Update 1/8/2022: On July 29th, 2022, Swvl announced that it would be backing out of the Zeelo acquisition, citing financial market volatility given the current global economic situation.
Swvl, the recently-minted mass transit solutions public company, has made great strides in the years since its launch in 2017. Founded in Egypt by three friends, with $30,000 in personal savings, and the goal of improving public transport in their home country, the company has gone on to reach a $1.5 billion valuation, public status, and a $160 million figure in projected revenue by 2022’s close.
Now based in Dubai, the company is making bold moves across the international spectrum, acquiring smaller rivals and peers left and right in an effort to expand its footprint. This year alone, the company has announced 4 acquisitions so far, with 6 acquisitions total to date. In 2021, it announced acquisitions of Spain’s on-demand bus service and Argentine’s mass transit company ViaPool, the latter of which would secure swvl’s entry into LATAM.
2022 acquisitions
In March, swvl announced it would be acquiring door2door, a German mobility platform that partners with municipalities, public transit operators, corporations, and automotive companies, providing software for on-demand mobility, multimodal routing and mobility analytics. With this move, swvl effectively secured its expansion into Central Europe.
In April, it announced not one, but two planned acquisitions. Volt Lines, a Turkish transportation-as-a-service operator, was the first purchase. The company said that this would help it build out its corporate offerings while also getting a foothold in Turkey so it can expand its B2C service there.
Next came Zeelo, the UK's largest smart bus platform and technology scale-up (measured by bookings), the purchase of which would provide swvl with a launchpad to rapidly land and expand business operations in three strategic developed markets including the UK, South Africa and the US.

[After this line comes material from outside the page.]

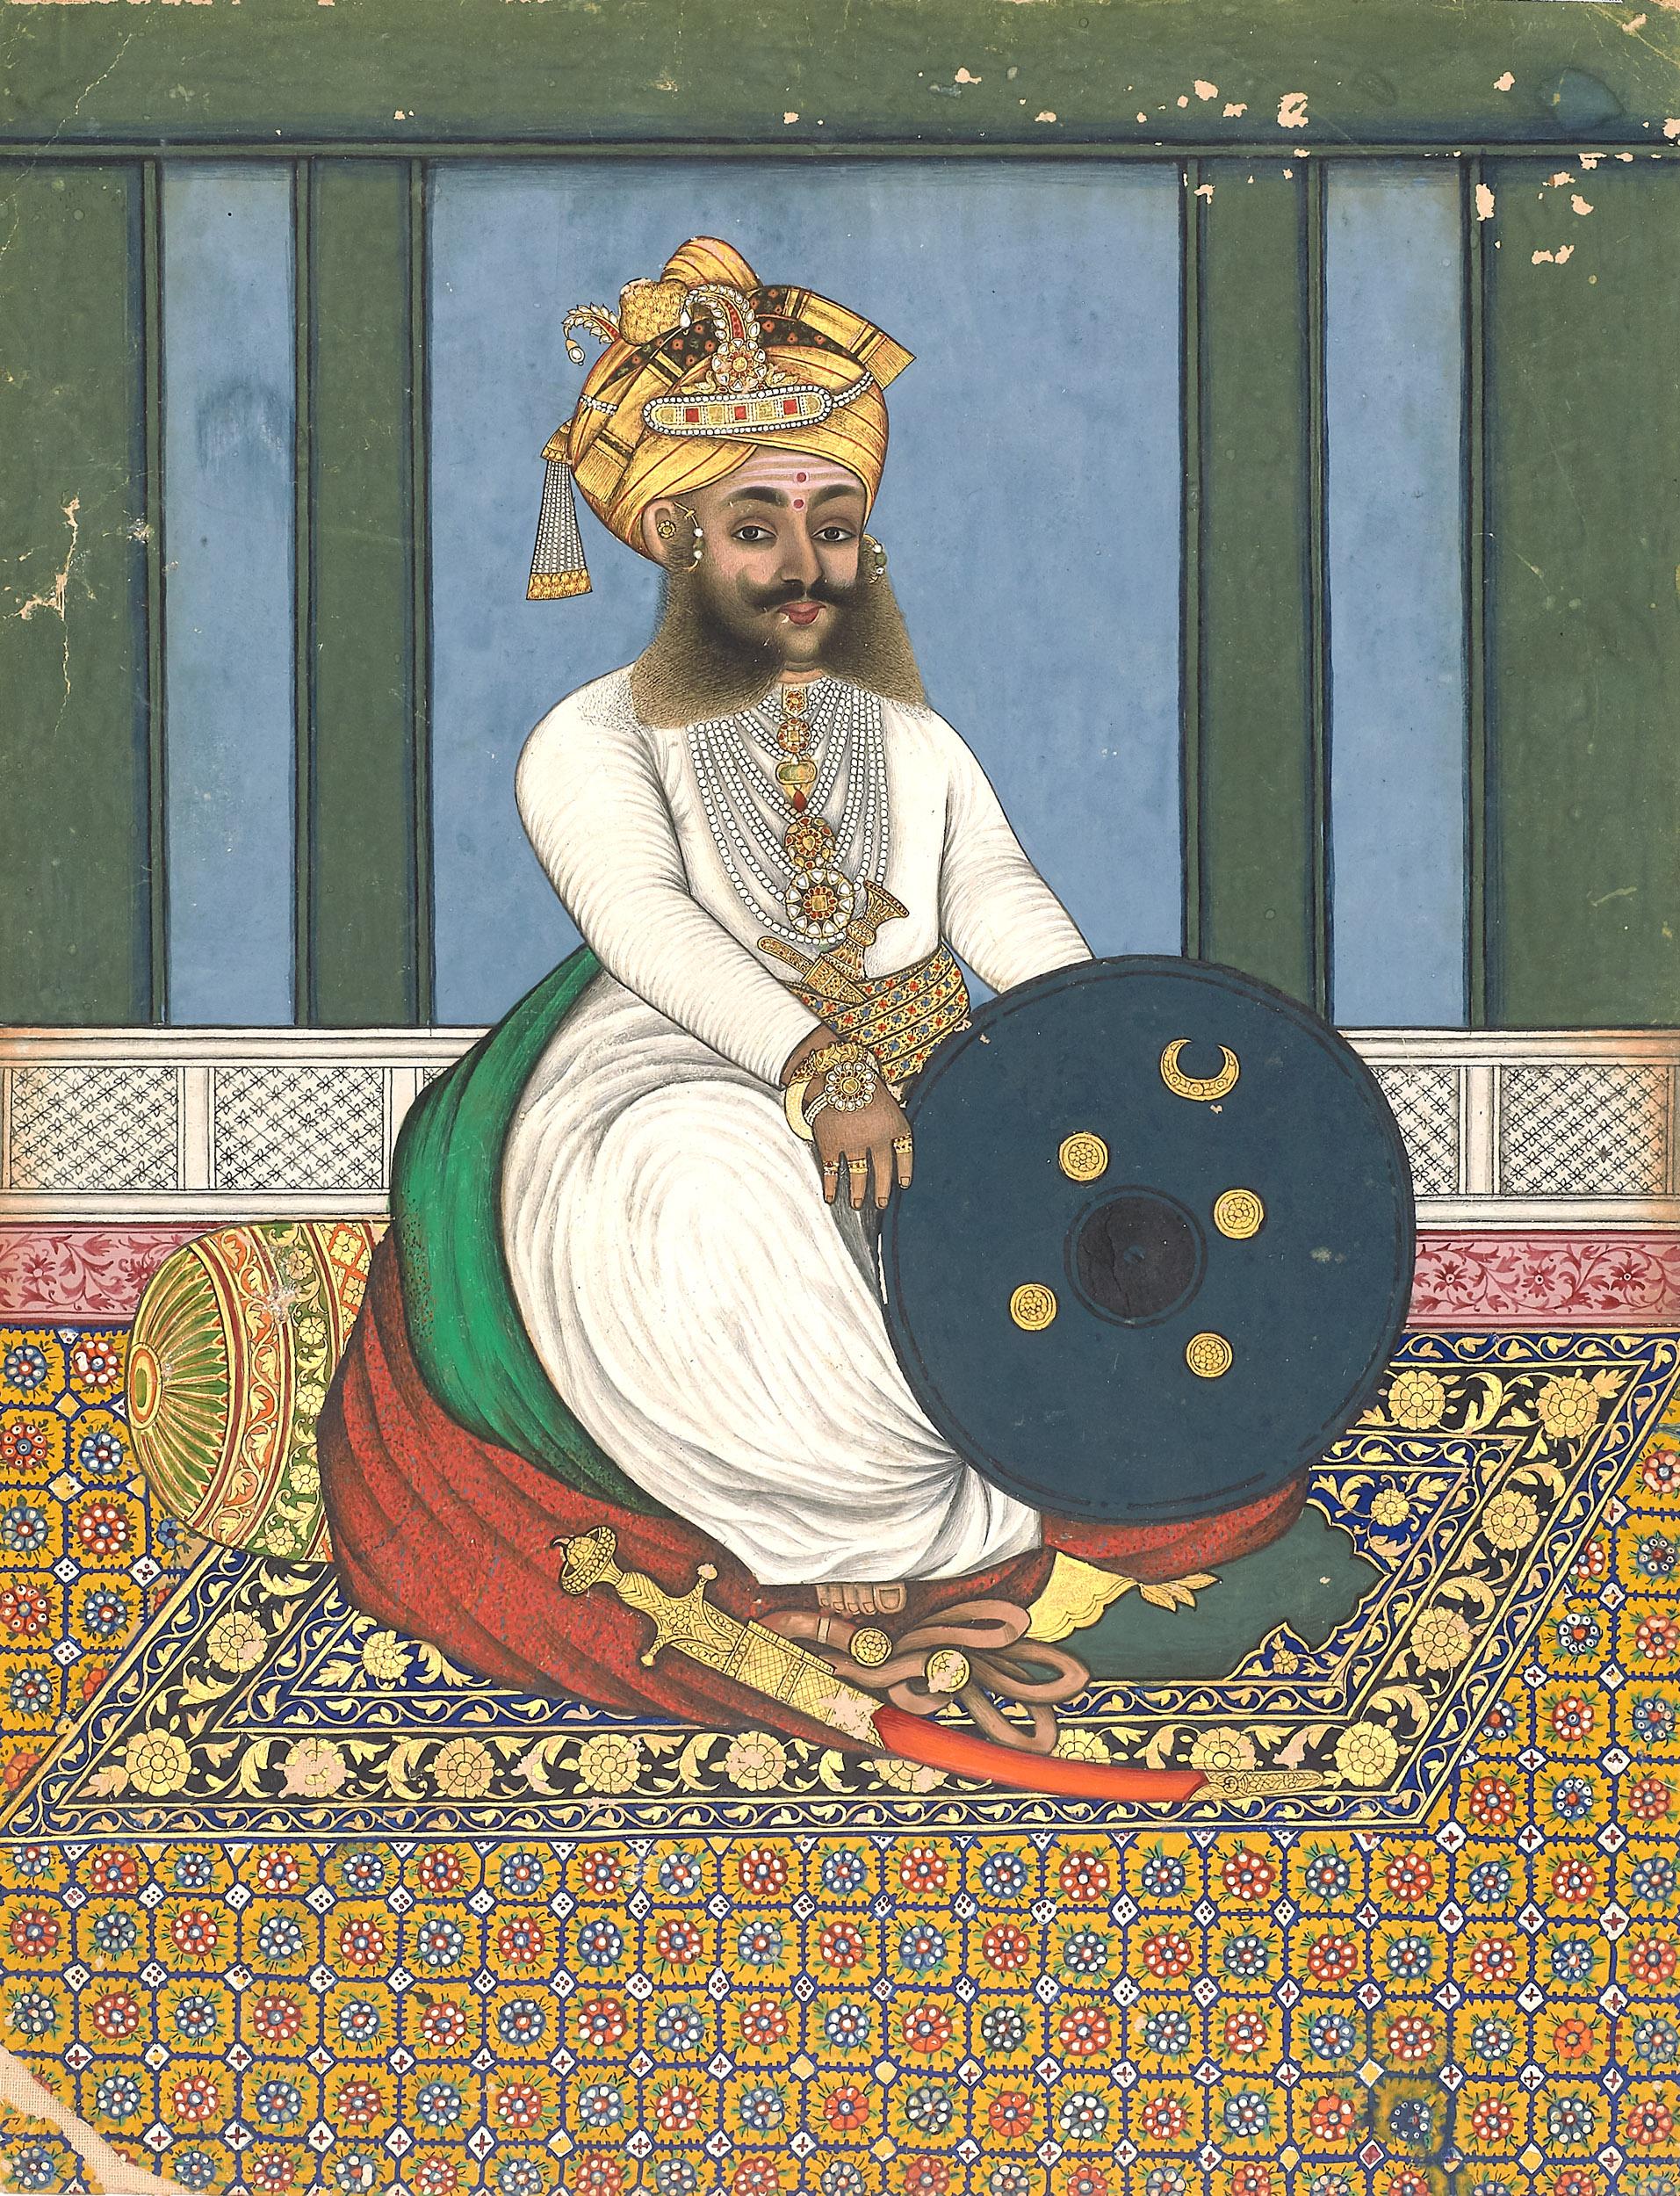 Rao Desalji II

Finally, this month, the mobility unicorn announced it would acquire Urbvan, a Mexico-based shared mobility platform that provides tech-enabled transportation services to Latin America's second-largest country by population.
Commenting on their latest purchase deal, Swvl’s CFO Youssef Salem noted, "The acquisition of Urbvan contributes towards all the key objectives of our recently announced portfolio optimisation plan: opportunity to enhance margins, turn cash flow positive in 2023, focus on high profitability segments TaaS and SaaS, expand in higher ticket fare markets and extract more value from our proprietary technology stack.”
Swvl’s shopping spree isn’t ending anytime soon, it would seem, as the company pursues what many other scaling tech companies once did in their rise: the ever-elusive concept of profitability.